Remarque : l’éditeur d'équations Microsoft s’exécute comme un processus séparé (eqnedt32.exe). Par défaut, les mesures de sécurité spécifiques à Microsoft Office (EMET, Windows Defender Exploit Guard, etc.) ne s’appliquent donc pas car elles ne concernent que les processus Microsoft Office (comme winword.exe).

Objets OLE et gestionnaires HTA

Les objets OLE et les gestionnaires HTA servent à ajouter des références vers d’autres documents à l’intérieur de documents Office. Pour compromettre un terminal, les attaquants procèdent comme suit :

1. Un lien OLE2 est inséré à un document Microsoft Word.
2. À l’ouverture du document, le processus Word (winword.exe) envoie une requête HTTP à un serveur distant pour récupérer un fichier HTA contenant un script malveillant.
3. Le processus winword.exe recherche alors le gestionnaire correspondant via un objet COM, ce qui conduit l’application Microsoft HTA (mshta.exe) à charger et exécuter le script malveillant.

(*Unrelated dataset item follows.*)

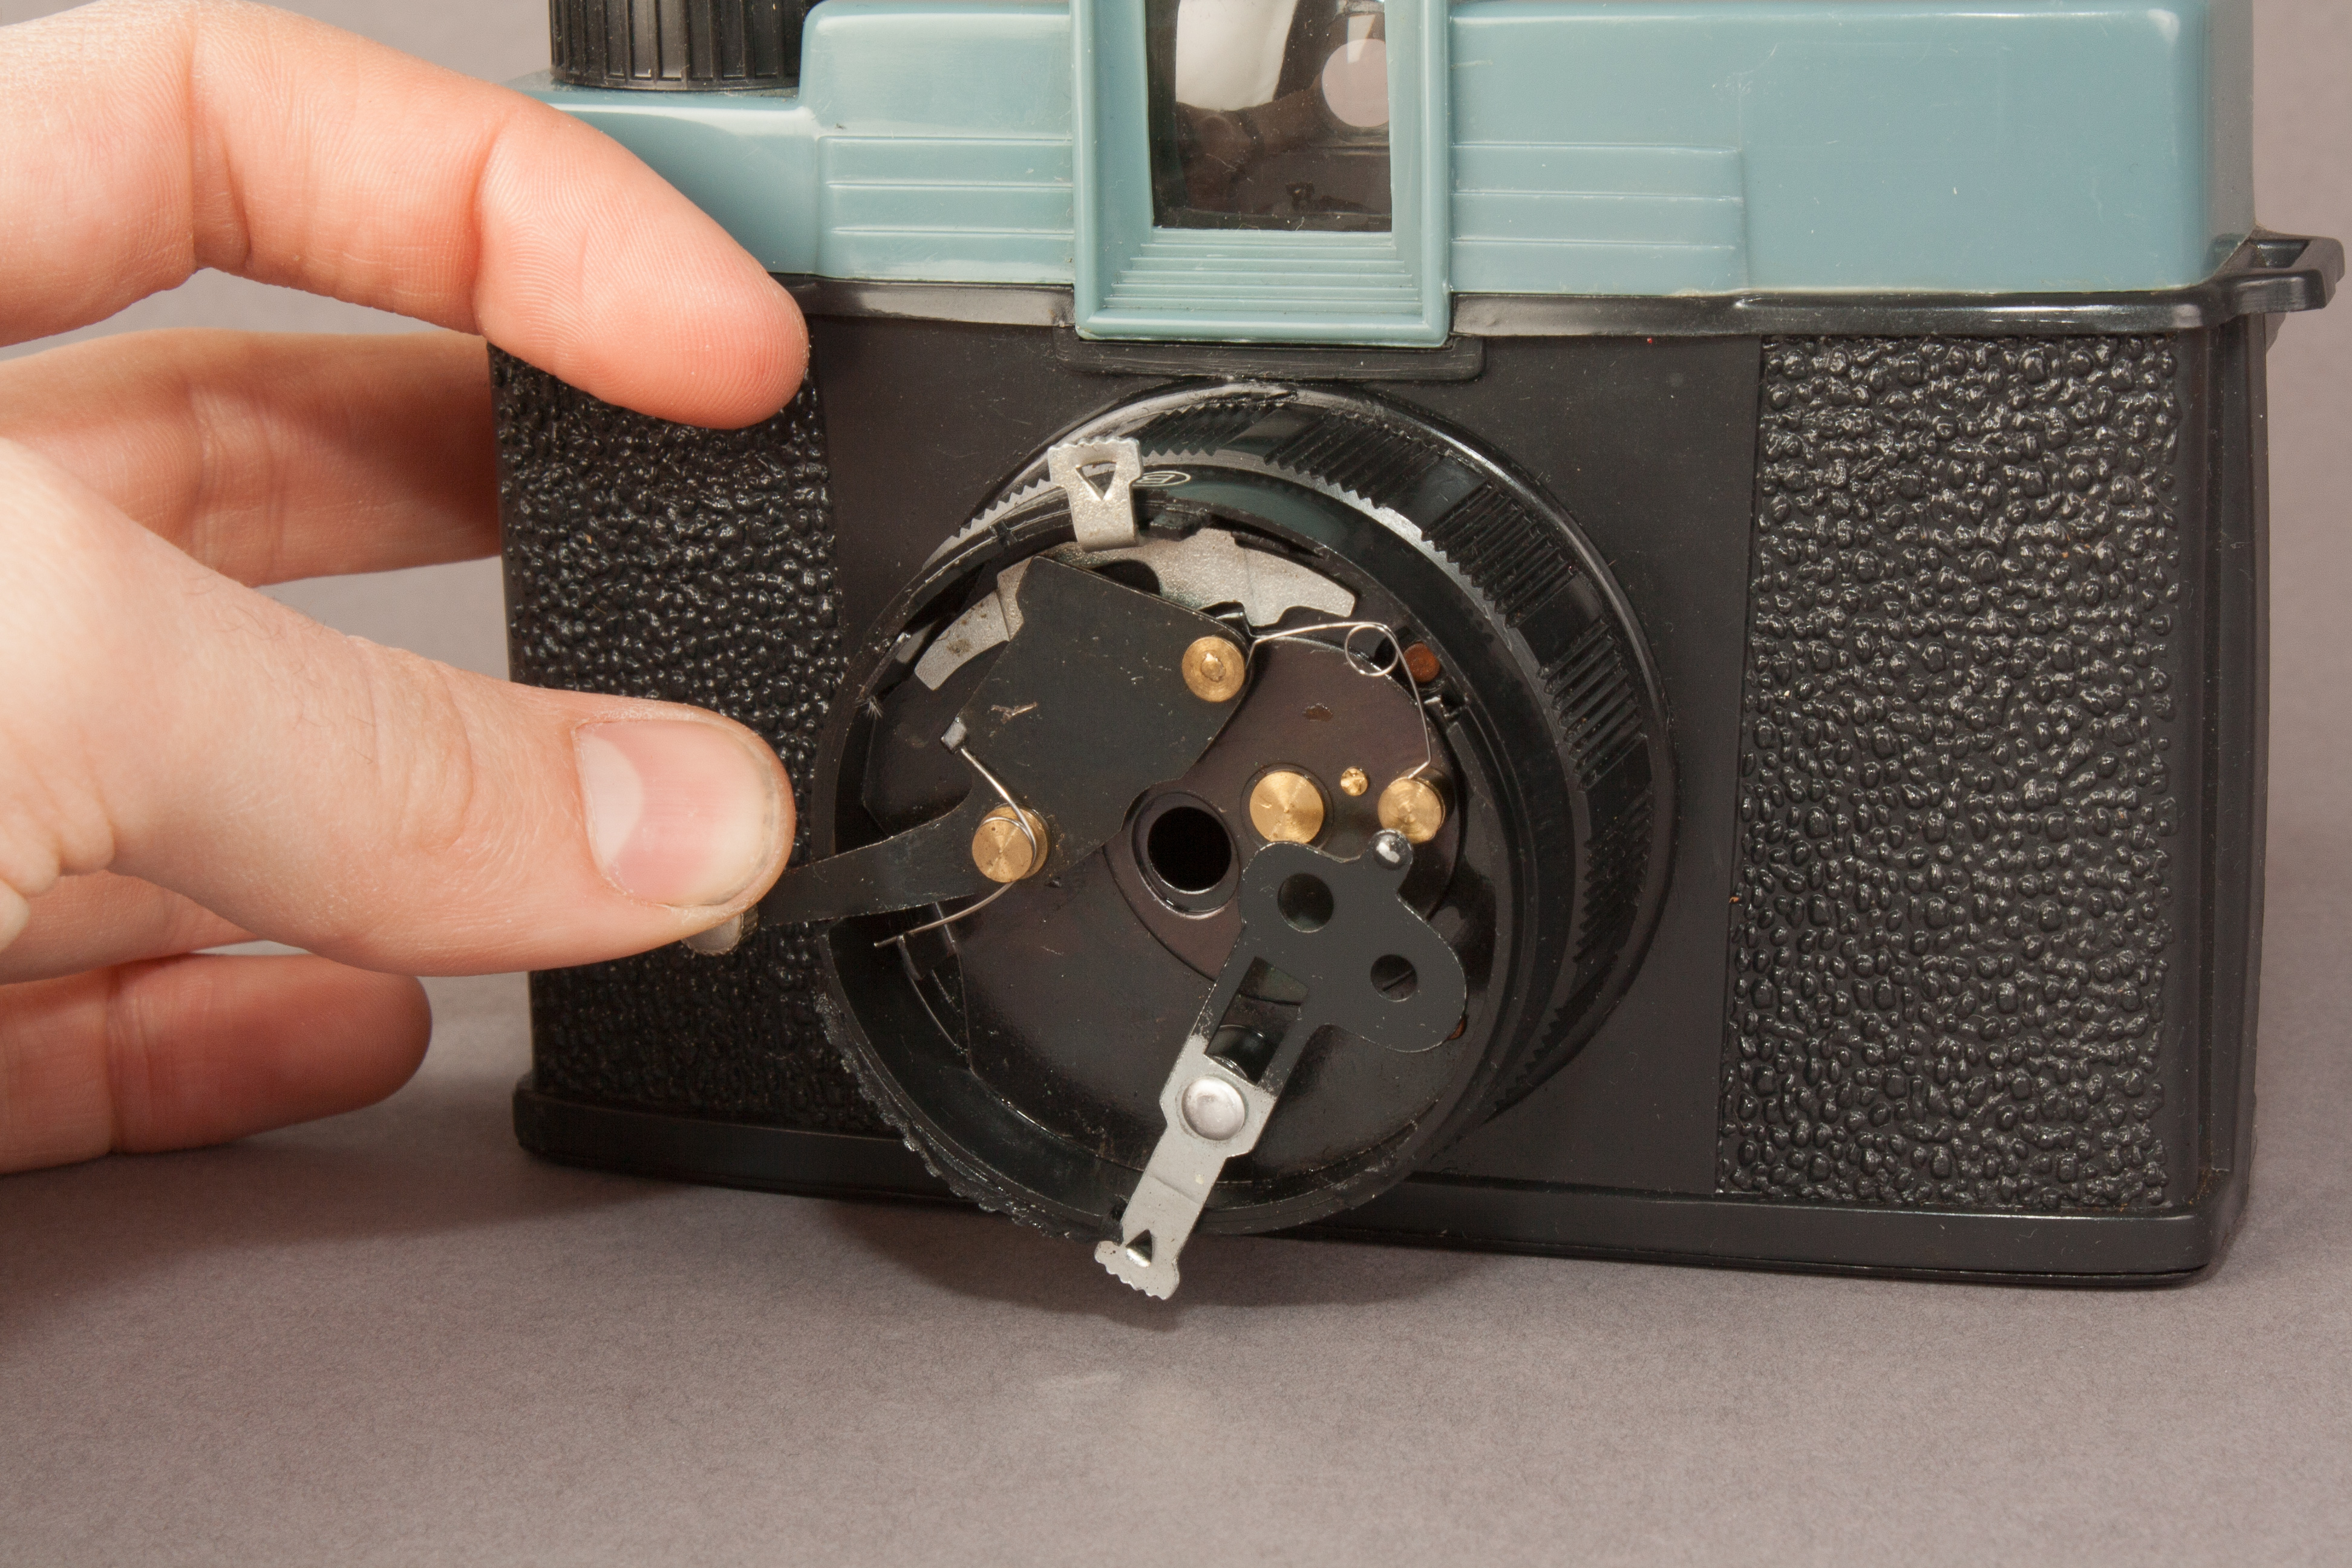 A picture showing the Diana F shutter open

Cette technique a été utilisée pour exploiter CVE-2017-0199, une vulnérabilité Microsoft Office/WordPad d’exécution de code à distance. Corrigée par Microsoft en septembre 2017, elle a été exploitée à de nombreuses reprises comme lors de la campagne OilRig.

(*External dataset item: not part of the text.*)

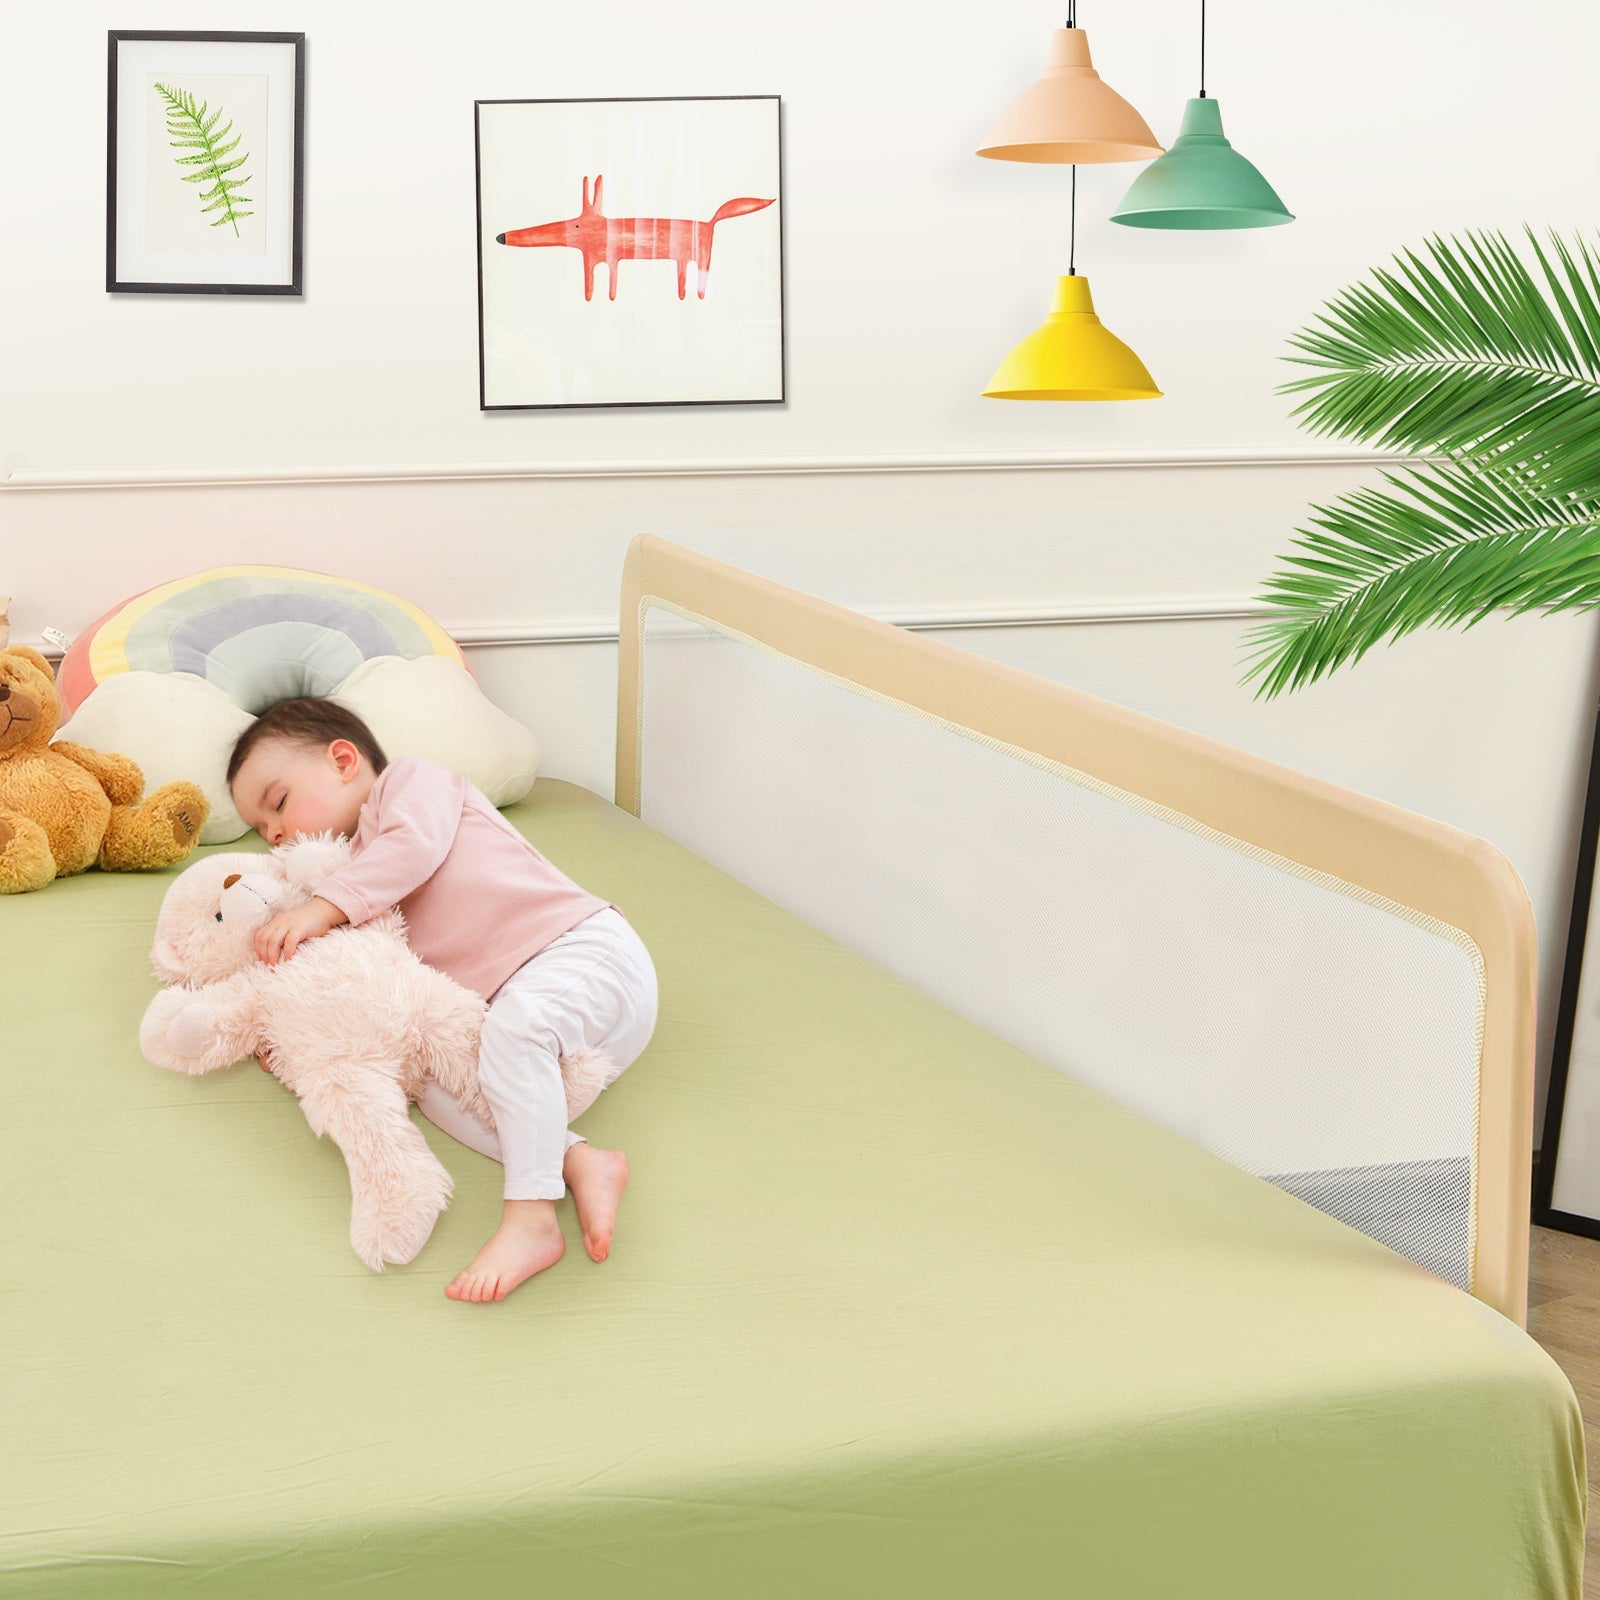 Foldable Beige Bed Rail for Toddlers - Mesh, Enhanced Safety Straps

Figure 3 : les fichiers RTF apparaîtront comme des fichiers Word standards

En plus des failles OLE et HTA, les attaquants se sont rendus compte que les fichiers RTF pouvaient également exécuter des objets OLE de type mime « text/html » à l’aide du moteur MSHTML. Autrement dit, les fichiers RTF présentent la même surface d’attaque qu’Internet Explorer.

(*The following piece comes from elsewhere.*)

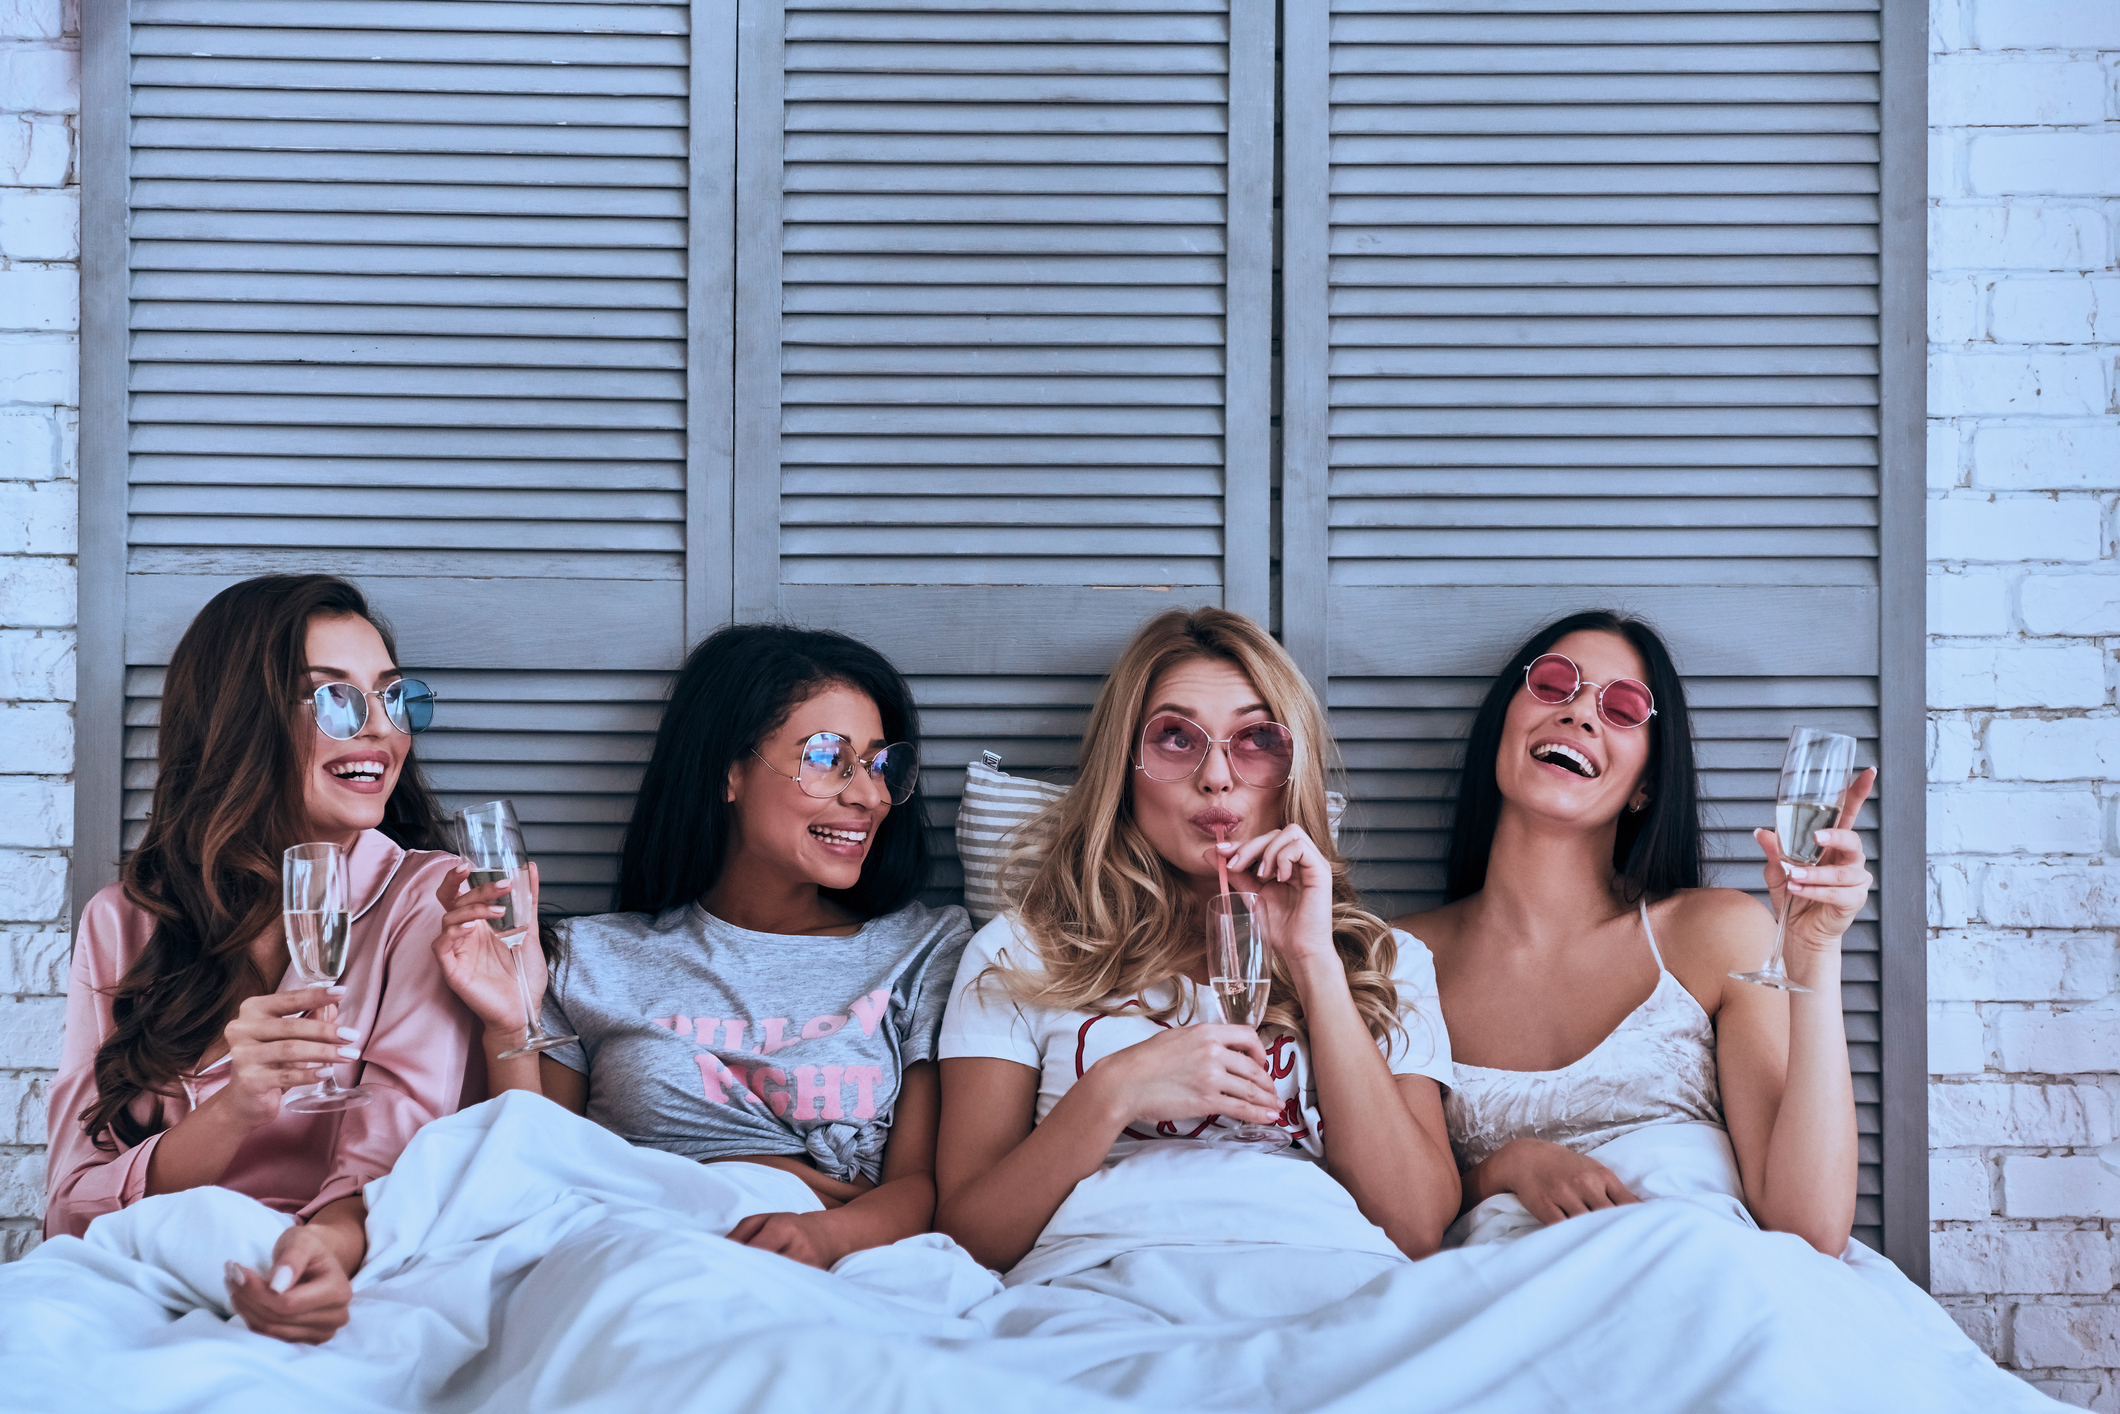 Four attractive young women in pajamas drinking cocktails and smiling while lying in the bed

Connue sous le nom de CVE-2018-8174, cette vulnérabilité permet aux cybercriminels d’exécuter du code HTML, JavaScript ou VBScript de manière arbitraire. À l’image des codes qui s’exécutent depuis Internet Explorer, un code exécuté de cette manière est « isolé », c’est-à-dire qu’il ne peut pas lancer de nouveaux processus, écrire sur le système de fichiers, etc. Toutefois, les attaquants peuvent se servir de cette faille pour en exploiter d’autres (par ex. une vulnérabilité UAF de corruption de la mémoire dans le moteur VBScript) et exécuter du code arbitrairement dans une application Word pour prendre le contrôle du système.

Conclusion

Si elles prolifèrent déjà depuis plus de dix ans, les attaques basées sur les documents sont récemment montées d’un cran, tant en nombre qu’en complexité. Cette tendance peut s’expliquer par la difficulté croissante à utiliser les exploits de navigateurs, en raison du tour de vis opéré par leurs développeurs. Quoi qu’il en soit, les entreprises doivent savoir déjouer ces techniques d’attaque.

Prévention

Outil de protection avancée des terminaux, Palo Alto Networks Traps propose diverses méthodes de prévention des exploits et des malwares :

1. Examen des macros – Traps s’appuie sur le service de Threat Intelligence WildFire et des fonctions locales de machine learning pour analyser chaque document Word en quête d’éventuelles macros malveillantes. Il peut également empêcher les utilisateurs d’ouvrir des fichiers infectés.
2. Prévention des exploits – Grâce à ses fonctions avancées, Traps empêche les tentatives d’exécution de code shell malveillant sur les terminaux.
3. Surveillance par défaut des applications Office – Traps exploite cette fonction pour éviter un détournement malveillant des processus légitimes intégrés.